The awards ceremony, attended by some 320 invited guests, was held in the Fermenting Cellar in The Distillery Historic District. Scott Griffin, founder of the prize, and trustees Mark Doty, Carolyn Forché, Marek Kazmierski, Michael Ondaatje, Jo Shapcott, Karen Solie and David Young hosted the event where the guests enjoyed readings by Ana Blandiana and her translator Viorica Patea, The Griffin Trust For Excellence In Poetry’s 2018 Lifetime Recognition Award recipient, a recitation of Wayde Compton’s ‘Illegalese: Floodgate Dub’, by Hamish Marissen-Clark, a 2018 national winner of Poetry In Voice/Les voix de la poésie, and a speech by August Kleinzahler, winner of the 2004 International Griffin Poetry Prize.

The judges for the 2018 Griffin Poetry Prize are Sarah Howe (UK), Ben Lerner (US) and Ian Williams (Canada). These distinguished writers and poets each read 542 books of poetry, received from 33 countries around the globe, including 17 translations. The trustees of The Griffin Trust For Excellence In Poetry select the judges annually.

The 2018 Shortlist Readings

On June 6 the poets read excerpts from their books at the Shortlist Readings to an audience of 1,000 people, in Toronto in Koerner Hall at The Royal Conservatory, TELUS Centre for Performance and Learning.
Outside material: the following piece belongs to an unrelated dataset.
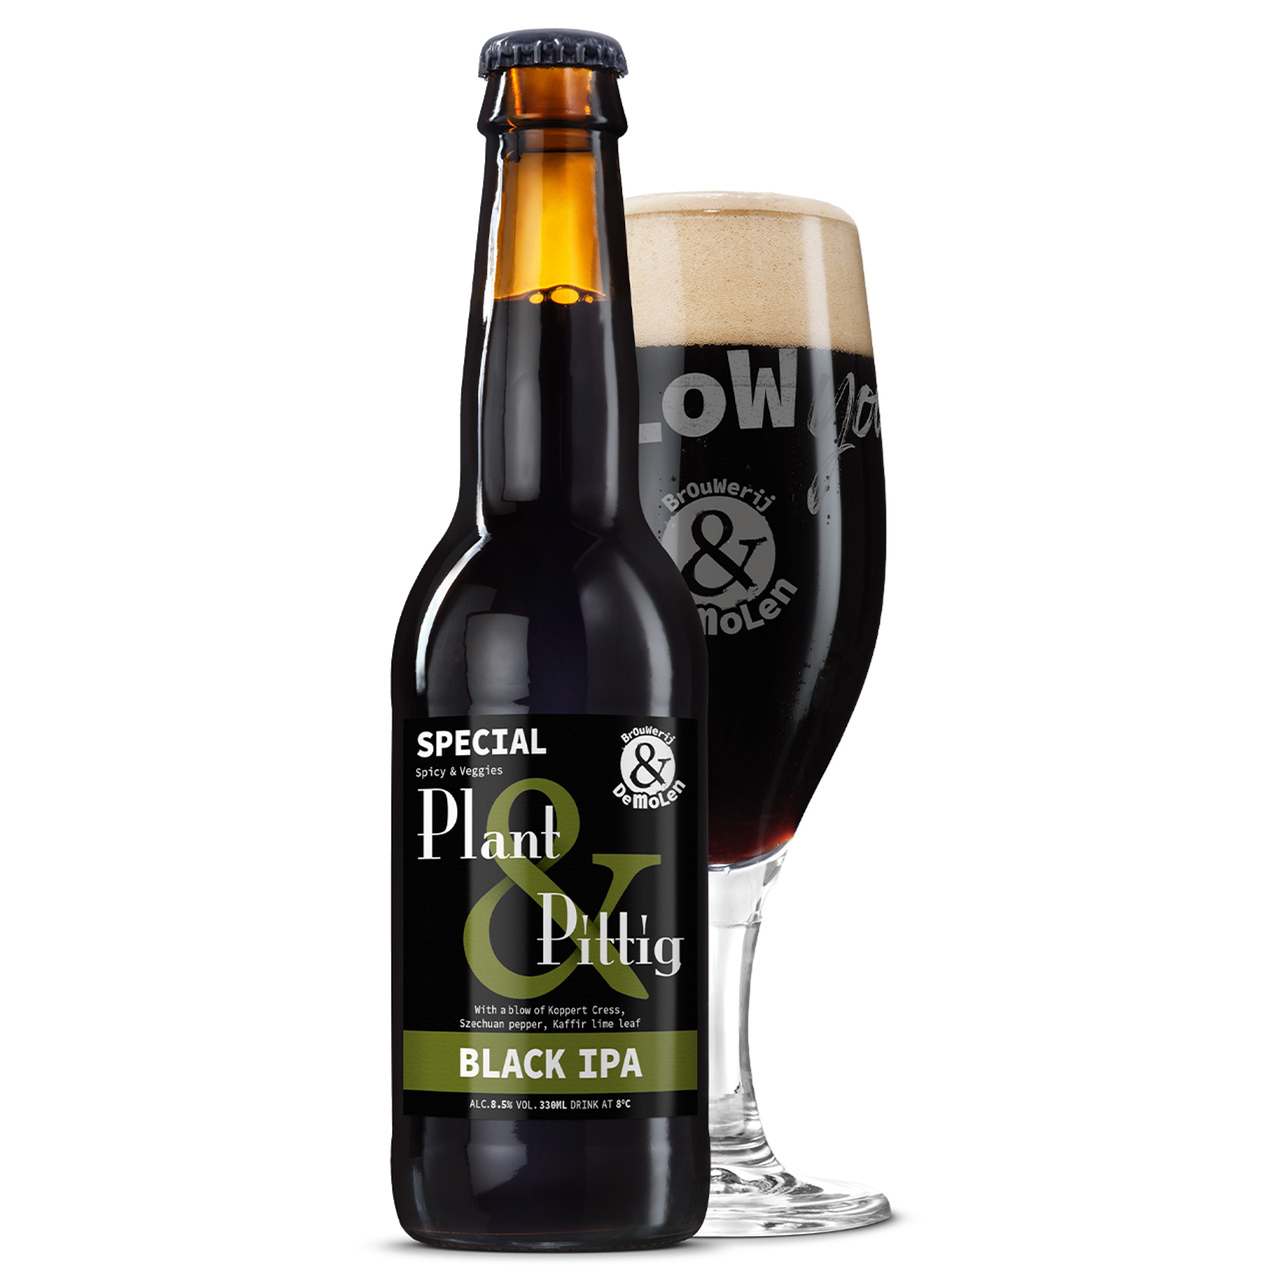 De Molen Plant & Piyyih. Is het black IPA bier van de Molen met 8.5% alcohol.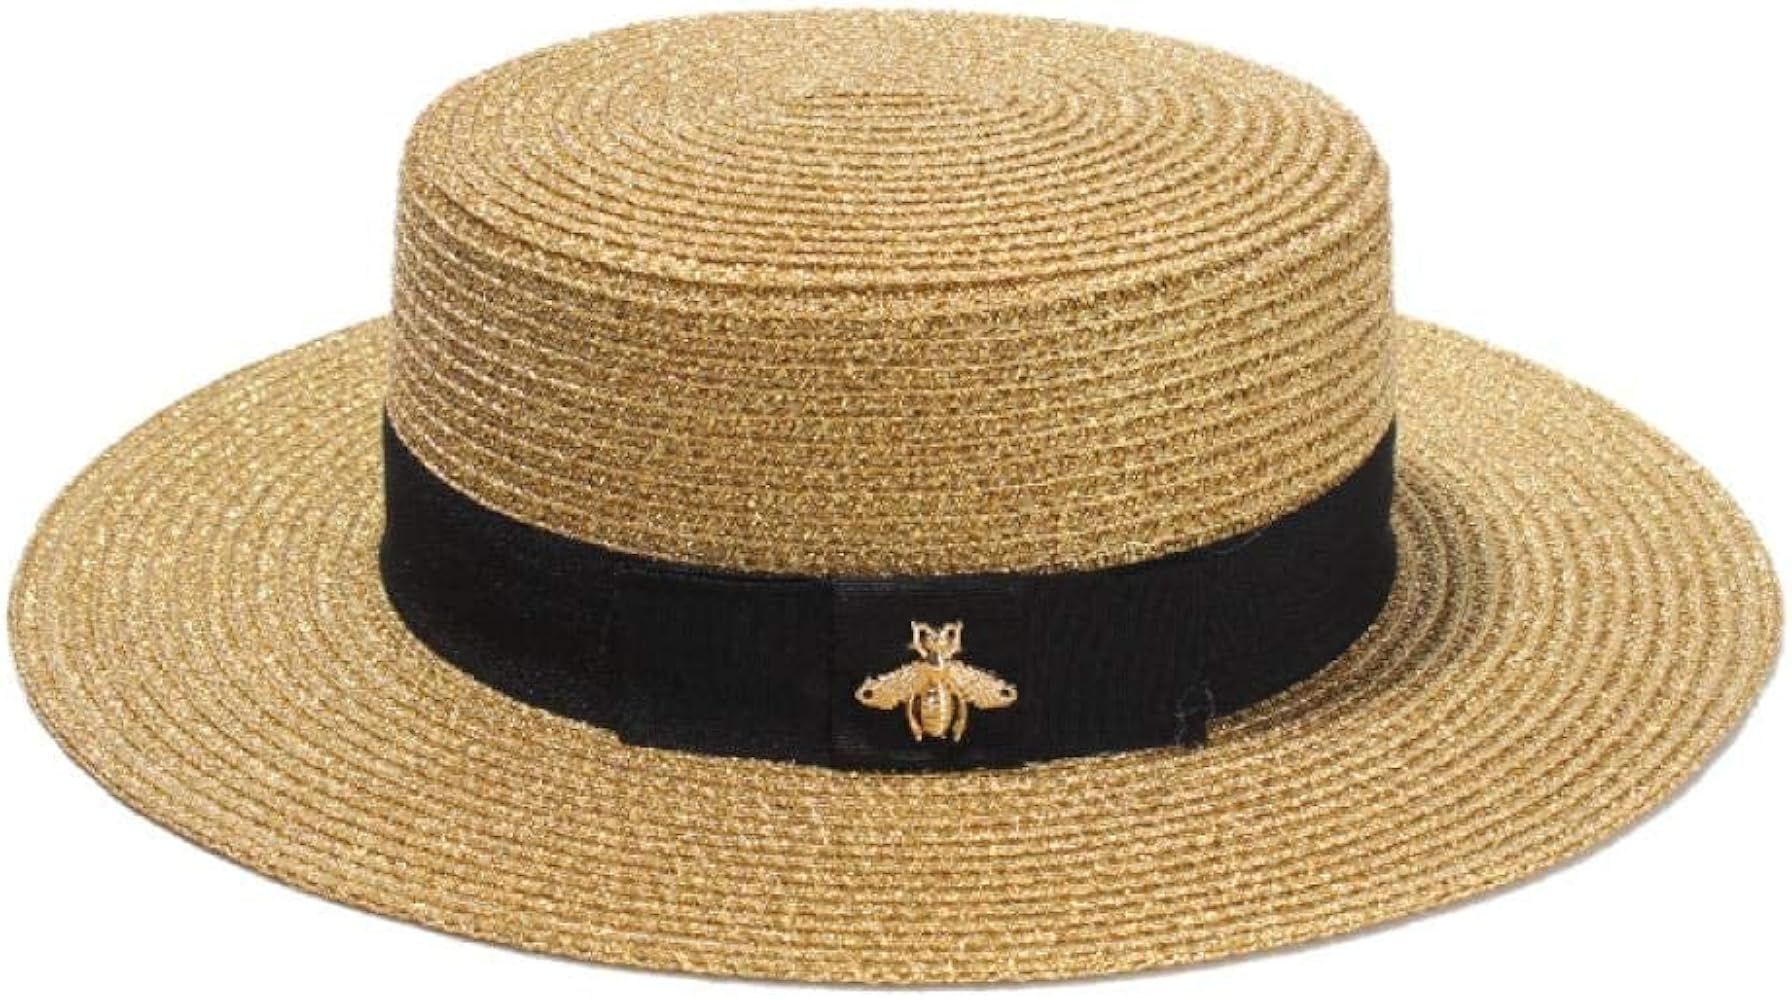 Straw Sun Hat,bee Hat,Woven Bucket Hat,Sun Hats for Women,Boater Hat Women,Gold Top Hat | Amazon (US)

Trustee Carolyn Forché presented each poet with a leather-bound edition of their book and $10,000 for their participation in the Readings.

2018 Lifetime Recognition

During the shortlist readings evening, The Griffin Trust For Excellence In Poetry’s 2018 Lifetime Recognition Award was presented to Ana Blandiana, the most highly-acclaimed contemporary Romanian poet, whose stature is comparable to that of Anna Akhmatova in Russian, or Václav Havel in Czech, literature.

A prominent opponent of the Ceausescu regime, her daring, outspoken poems, along with her courageous attitude in the defence of ethical values, has made her a legendary figure in Romanian literature. She suffered various reprisals and prohibitions under two Communist dictatorships, and three bans on her writing (1959-64, 1985, 1988-89). Over the years, her works have become symbols of an ethical consciousness that refuses to be silenced by a totalitarian government.

Trustee Jo Shapcott paid tribute to Ana Blandiana and presented her with the award.

2018 Anthology

Each year The Griffin Poetry Prize Anthology features the work of the extraordinary poets shortlisted for the awards and introduces us to some of the finest poems in their collections. The Griffin Poetry Prize Anthology: A Selection of the 2018 Shortlist, edited by Ian Williams and published by House of Anansi Press, is now available at most retail bookstores and online.